"New Mutants" will finally arrive in theaters this Friday after nearly three years of bouncing around the theatrical calendar. However, if you are looking to get a sense of how critics felt about the film before buying tickets for the weekend, you'll find the Rotten Tomatoes' review pages surprisingly bare.
That's because Disney isn't making the film available to press via an advanced screening or through a digital link.
"In other words, the only way critics will be able to see 'The New Mutants' is if they buy a ticket and go to a theater, just like everyone else," A.A. Dowd, a film editor from The A.V. Club, wrote in an article Tuesday. "In normal times, that's exactly what we'd do: Studios will sometimes decline to screen a movie in advance of its public premiere — often, it must be said, when they're afraid that reviews will be negative enough to hurt attendance."
A New York-based critic, who wished to remain anonymous, said that Disney has established a platform that allows reviewers to screen upcoming Disney+ content.
"So, they could send screeners," the critic said. "They are choosing not to."
It's unclear why the studio has decided not to permit critics to view the film ahead of its release on Aug. 28, but it's not the only one that's been elusive to film critics in recent weeks.
Warner Bros.' "Tenet" has yet to be screened for American critics, several U.S.-based film reviewers told CNBC. Instead, the film was made available in London and Berlin, the New York-based critic told CNBC. "Tenet" currently holds an 83% "Fresh" rating on Rotten Tomatoes from 59 reviews.

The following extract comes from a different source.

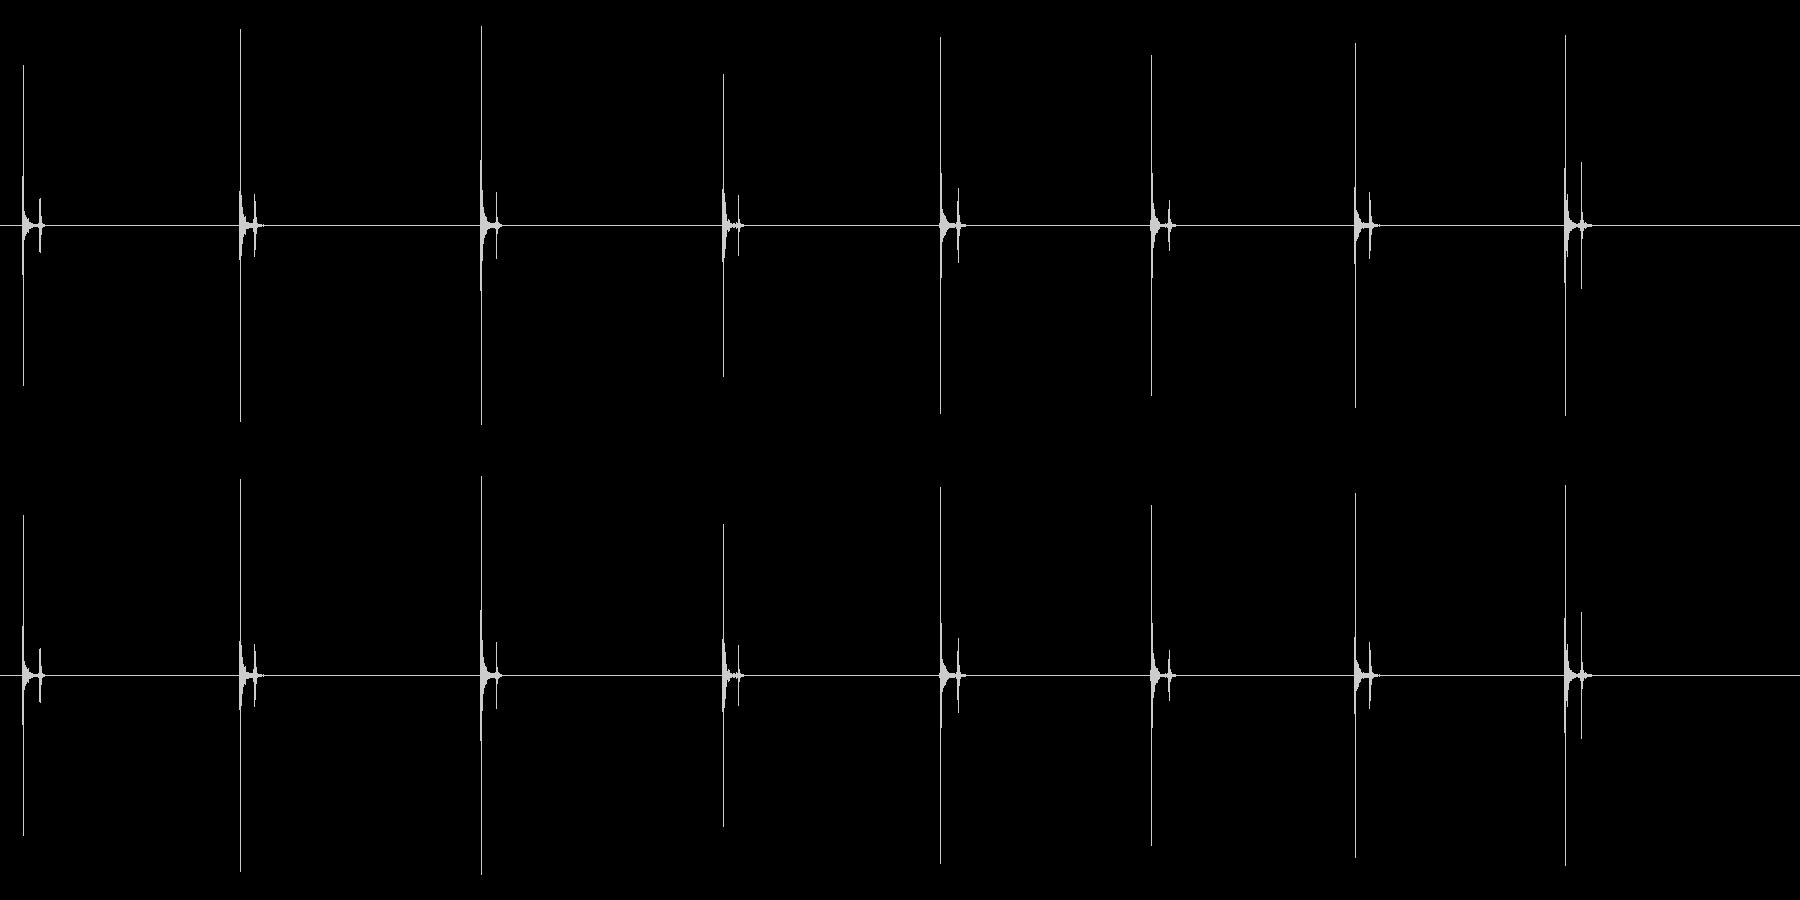 PC キーボード06-05(単発 強)の未再生の波形

"Bill and Ted Face the Music" will be shown to critics digitally, however, the Orion Pictures film must be watched at a scheduled time or it cannot be accessed for review.
There are a number of reasons in pre-Covid times that a studio might withhold a film from critical review. In some cases, studios believe the film isn't very good and don't want audiences to be deterred from seeing it opening weekend. In other cases, studios don't want critics to spoil major plot points before moviegoers have a chance to experience them.
Digital versions of films are sometimes given to critics, but a similar fear of spoilers or of a copy of the film accidentally or intentionally winding up on a pirated video site exist.
For upcoming movies, there could be a simpler explanation. Many of the critics for major publications live in New York and California and movie theaters in those states have not reopened to the public, making it difficult for studios to have a public press screening.
On occasion, studios will host smaller press events in private screening rooms, but those rooms typically only house between 10 and 20 critics. Under social distancing guidelines, it wouldn't be very efficient to use these screening rooms, as they would only be able to hold a handful of people.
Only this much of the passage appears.